These outfielders can throw. Okay, we knew that from the start. Drew Muren leads the league with five outfield assists, and Justin Gominsky is tied for second with four. As a team, the ‘Cats have a league-best 11 outfield assists in 23 games, which the pitching staff must love.

Guess what? The ValleyCats have been unlucky. At this time last year, the ValleyCats were 9-14, but they had scored roughly as many runs as they had allowed. I argued that they would play better for the rest of the season, and sure enough they did, greatly surpassing even my expectations.

Well, it’s a year later, and the ValleyCats are 9-14. And guess what? They’ve only been outscored by two runs (104-102). Run differential is a better predictor of future performance than wins and losses.
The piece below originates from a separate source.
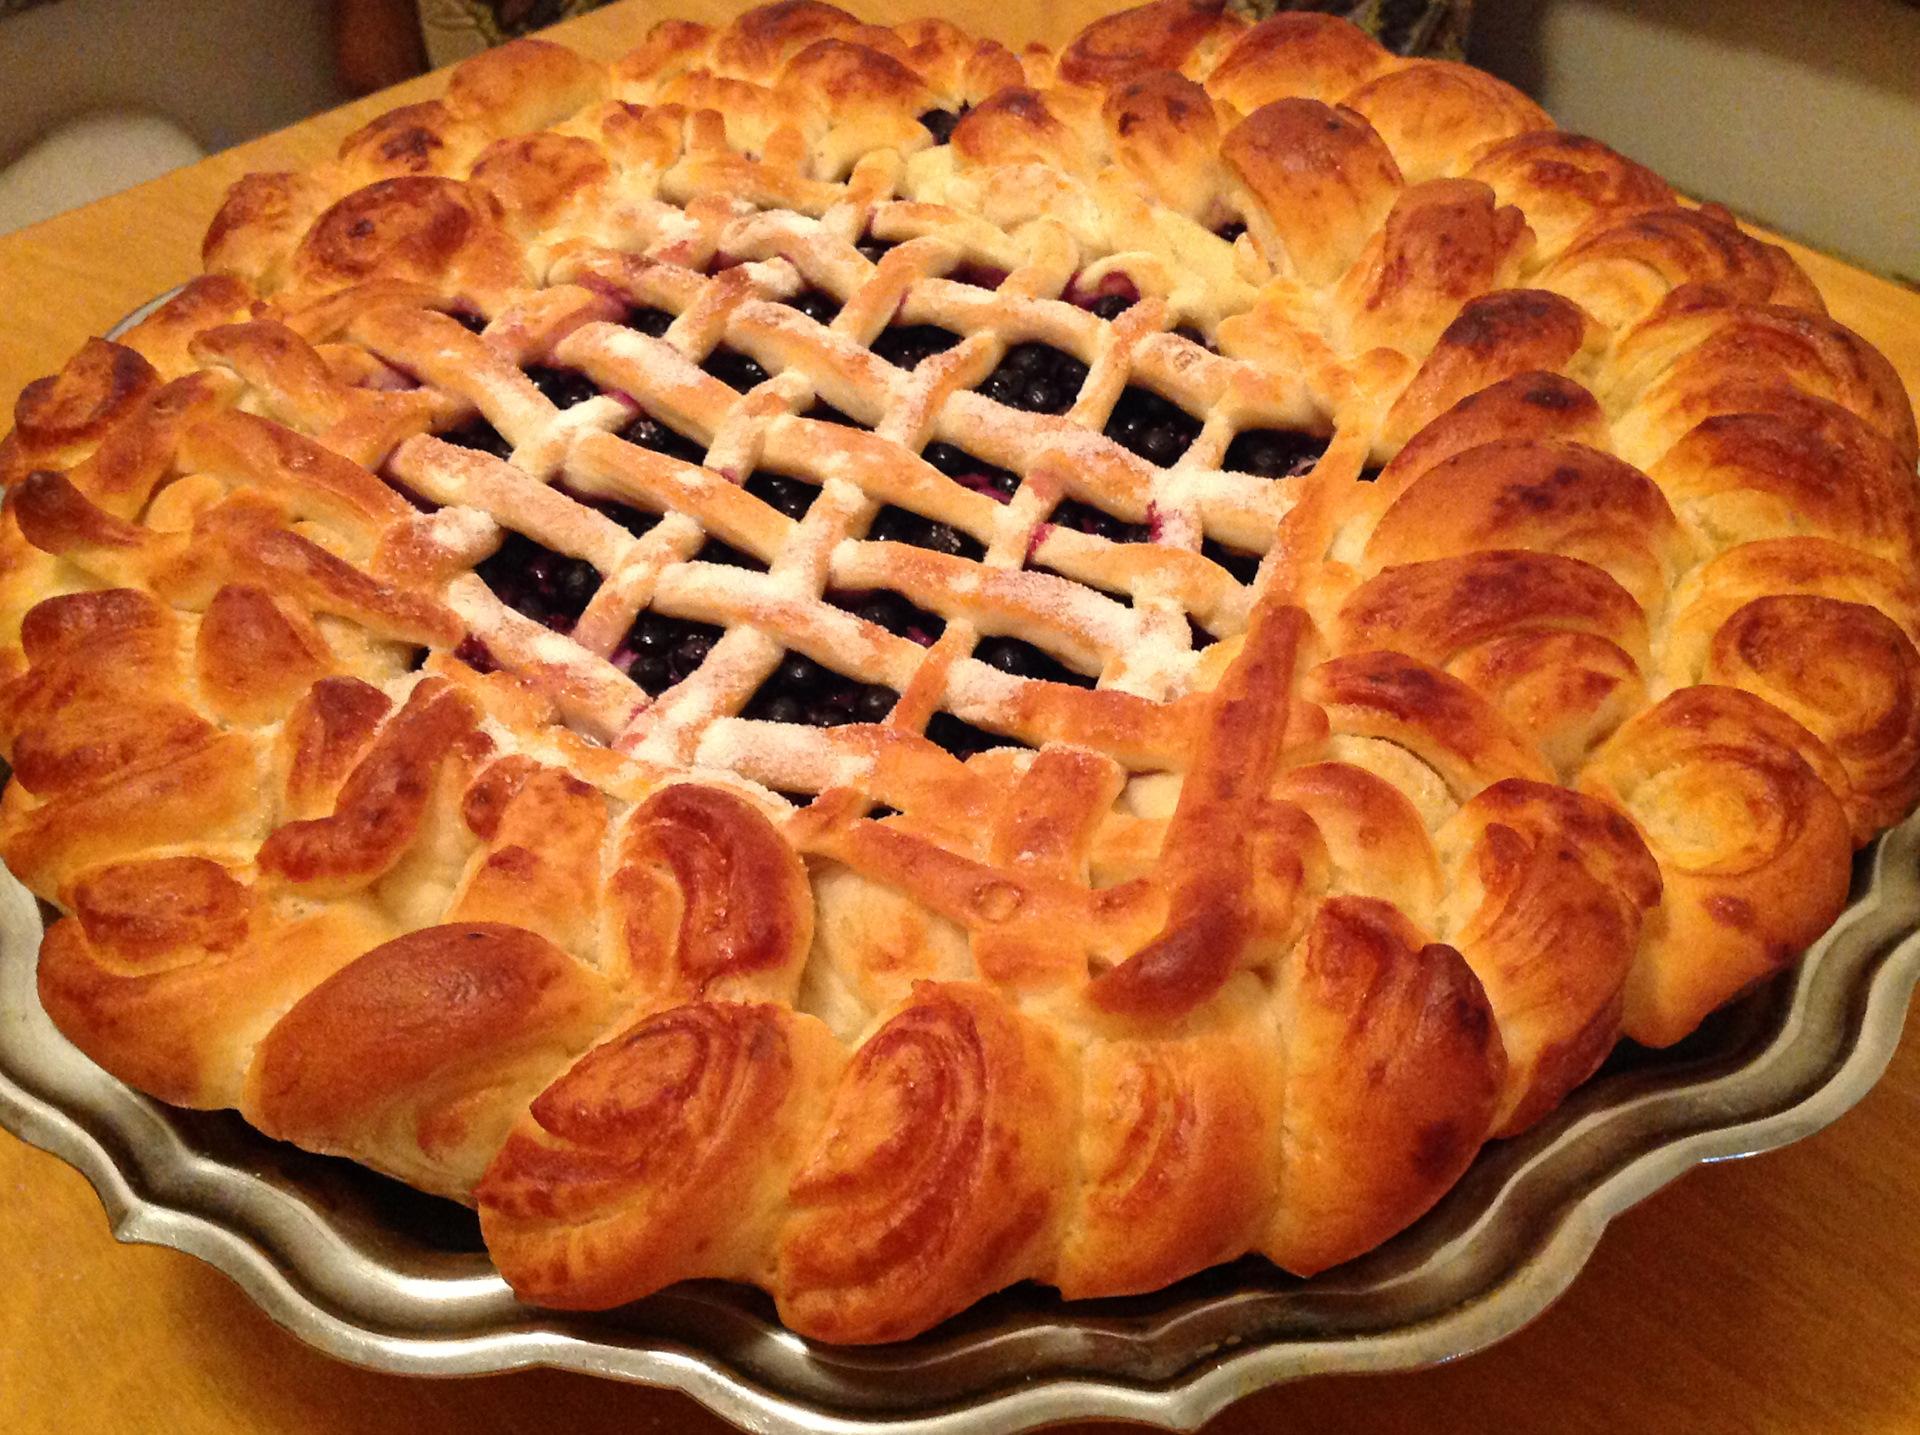 пироги из дрожжевого теста рецепты с фото всех
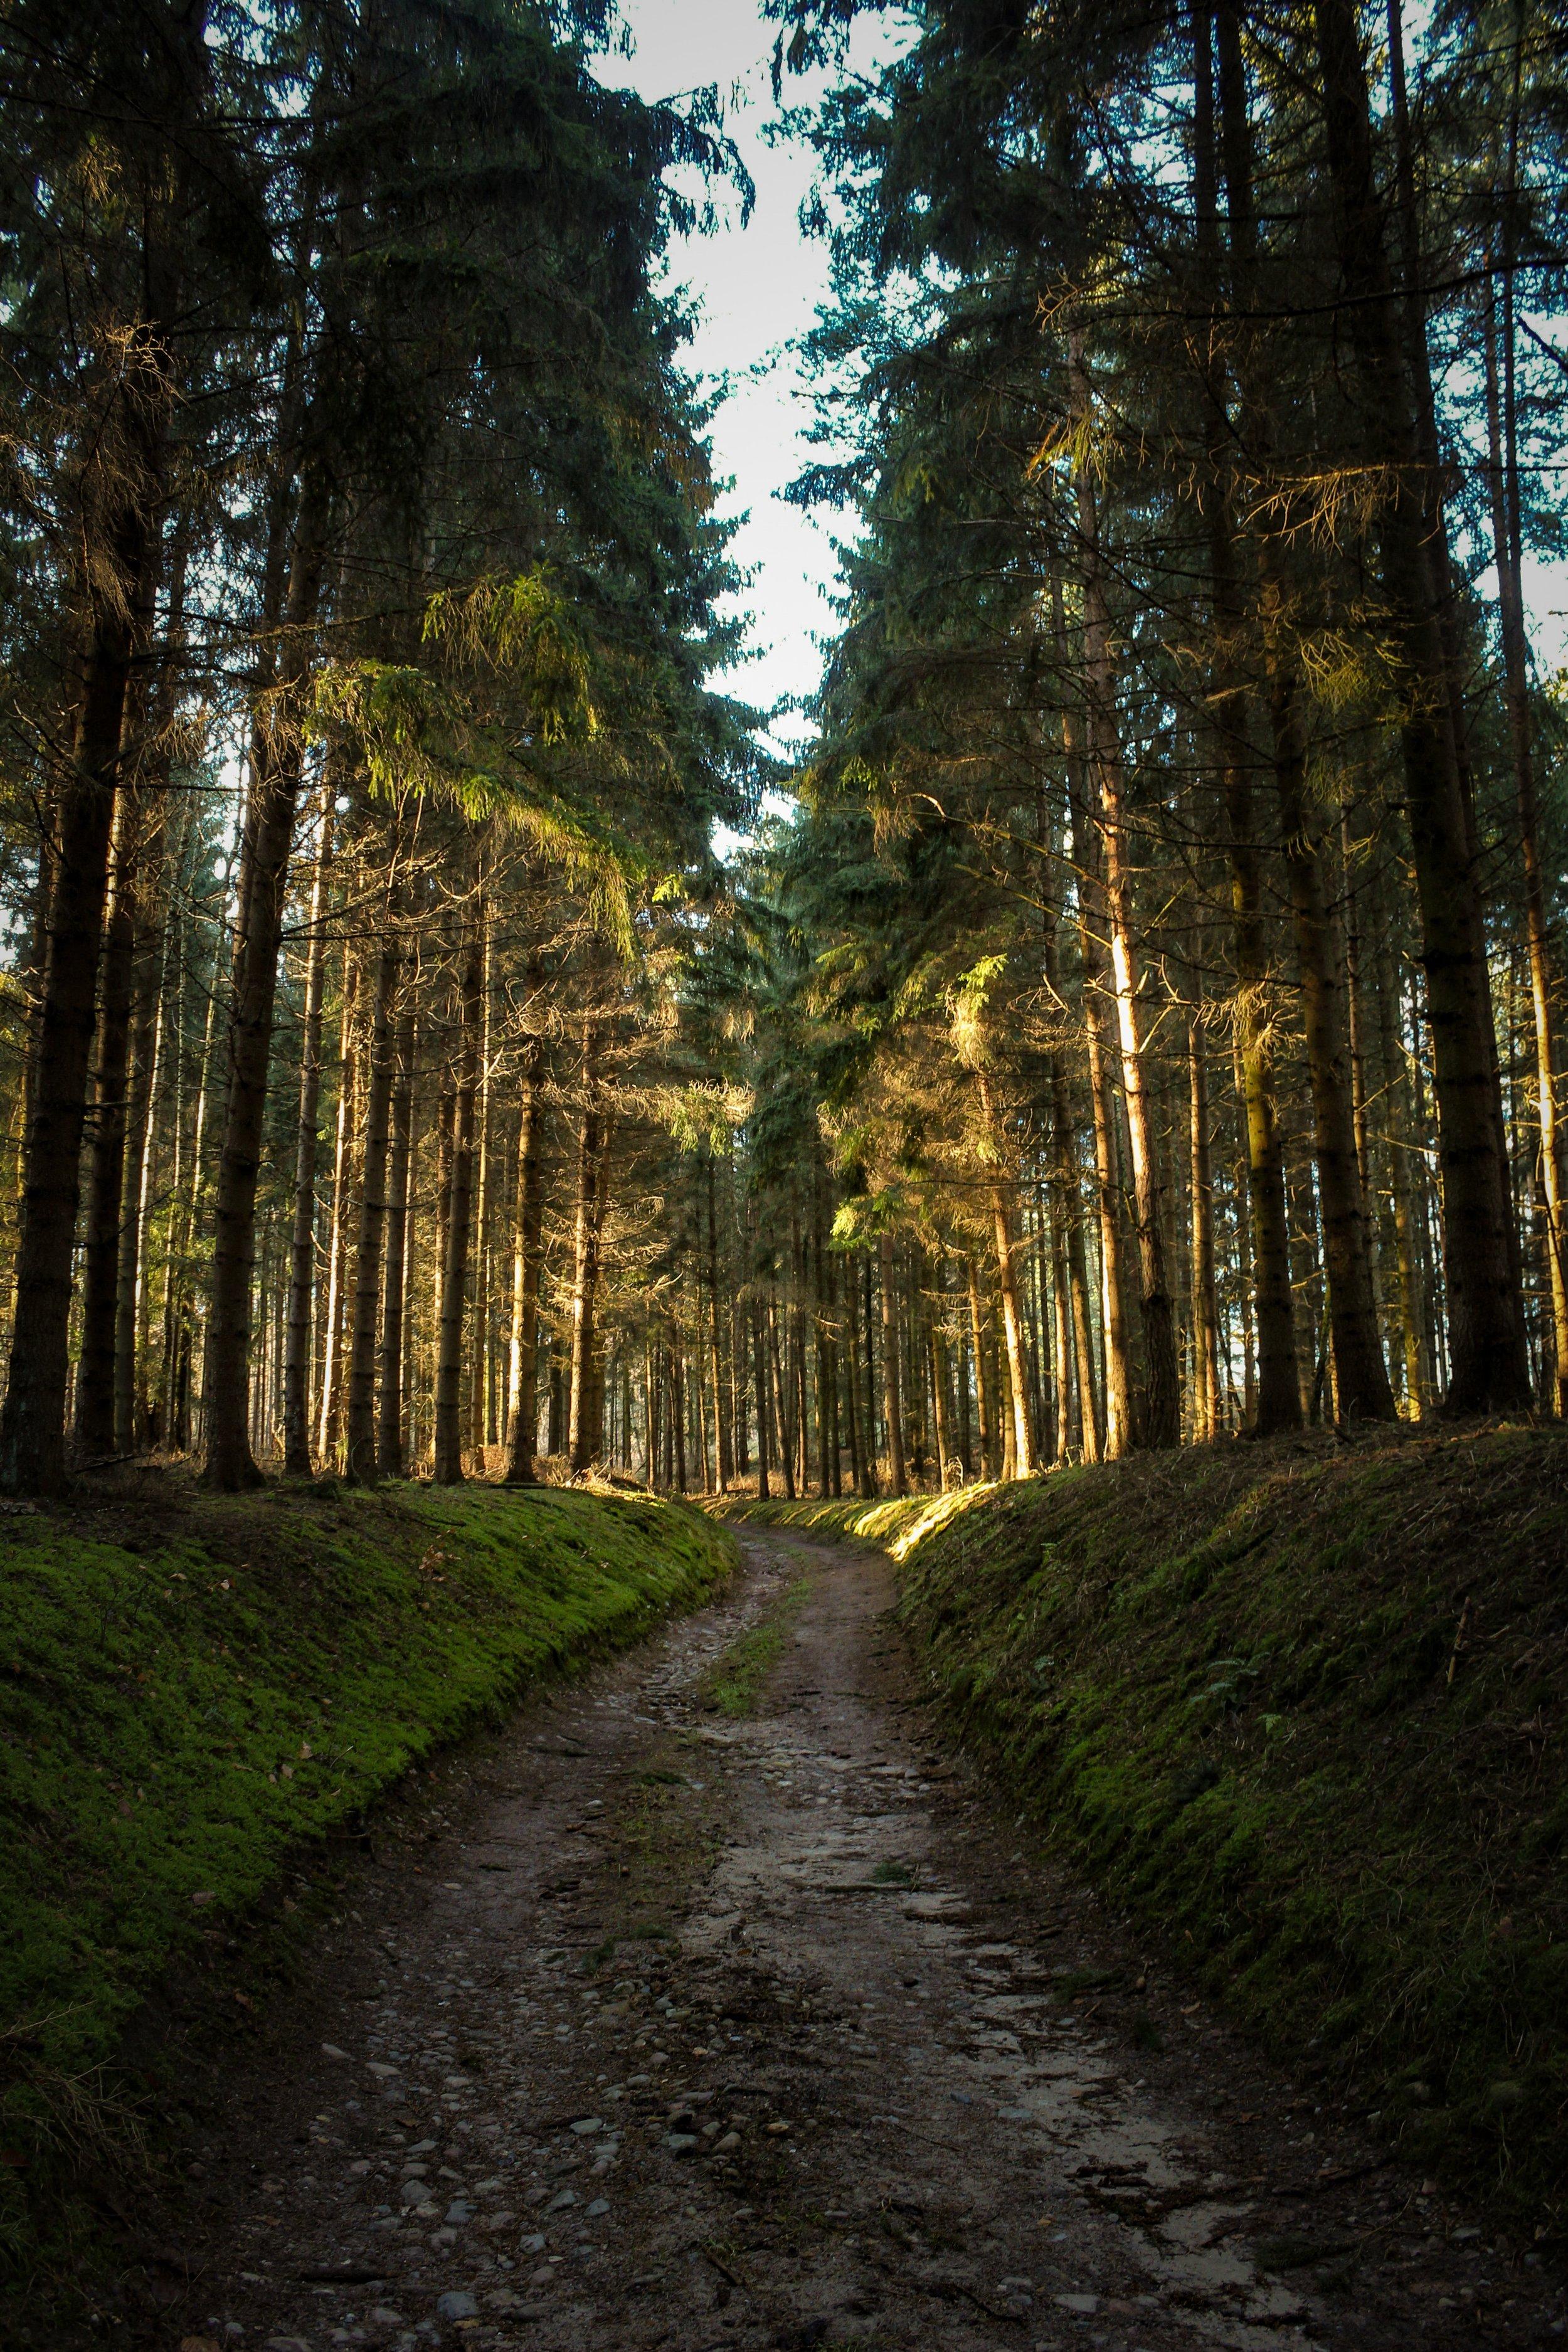 conifer-coniferous-trees-environment-2254030.jpg

It certainly doesn’t mean another miraculous playoff run is coming – and a slew of difficult opponents in the next two weeks won’t make it easy for the ‘Cats to make a charge soon – but it means we should expect them to play more like a .500 team for the rest of the season than a .400 team. (14-8 Vermont, incidentally, has outscored its opponents by only one run, meaning the Lake Monsters could come back to the pack in the Stedler Division.)

So although 2011 hasn’t started the way the ValleyCats and their fans would have liked, we could still see some good baseball at “The Joe” over the final seven weeks of the season.

Kevin Whitaker

Three-Horse Race

Playoff Odds update, through 8/31 games: ‘Cats 57%, Vermont 16%, Connecticut 27%

Well, this week didn’t go quite as expected.

After the ValleyCats defeated Connecticut for the fourth time in seven days on Tuesday, it looked like a two-horse race in the Stedler Division: the ‘Cats were hot, Vermont was treading water and Connecticut was fading quickly, three games out.

But everything went right for the Tigers after that. They swept a three-game set at Vermont, and the ‘Cats were swept at Hudson Valley. The Tigers, who had the league’s worst offense entering the series, dropped 21 runs on the Lake Monsters and won the last two games handily. Now they are right back at the top of the division, with momentum and six home games coming up, tied with Vermont and a half-game ahead of Tri-City. It is officially a three-team race.

Momentum would seem to make Connecticut the current favorite, but we just saw how quickly momentum can change. The Tigers now host the juggernaut that is the Brooklyn Cyclones – who, coincidentally enough, will then finish the season with five games against Vermont and three with Tri-City – before finishing with Aberdeen. Vermont still has to play eleven games in the final nine days (two makeups with Brooklyn, although one is the completion of the contest that was suspended in the 12th inning last week) – and, worse, all eleven will be on the road.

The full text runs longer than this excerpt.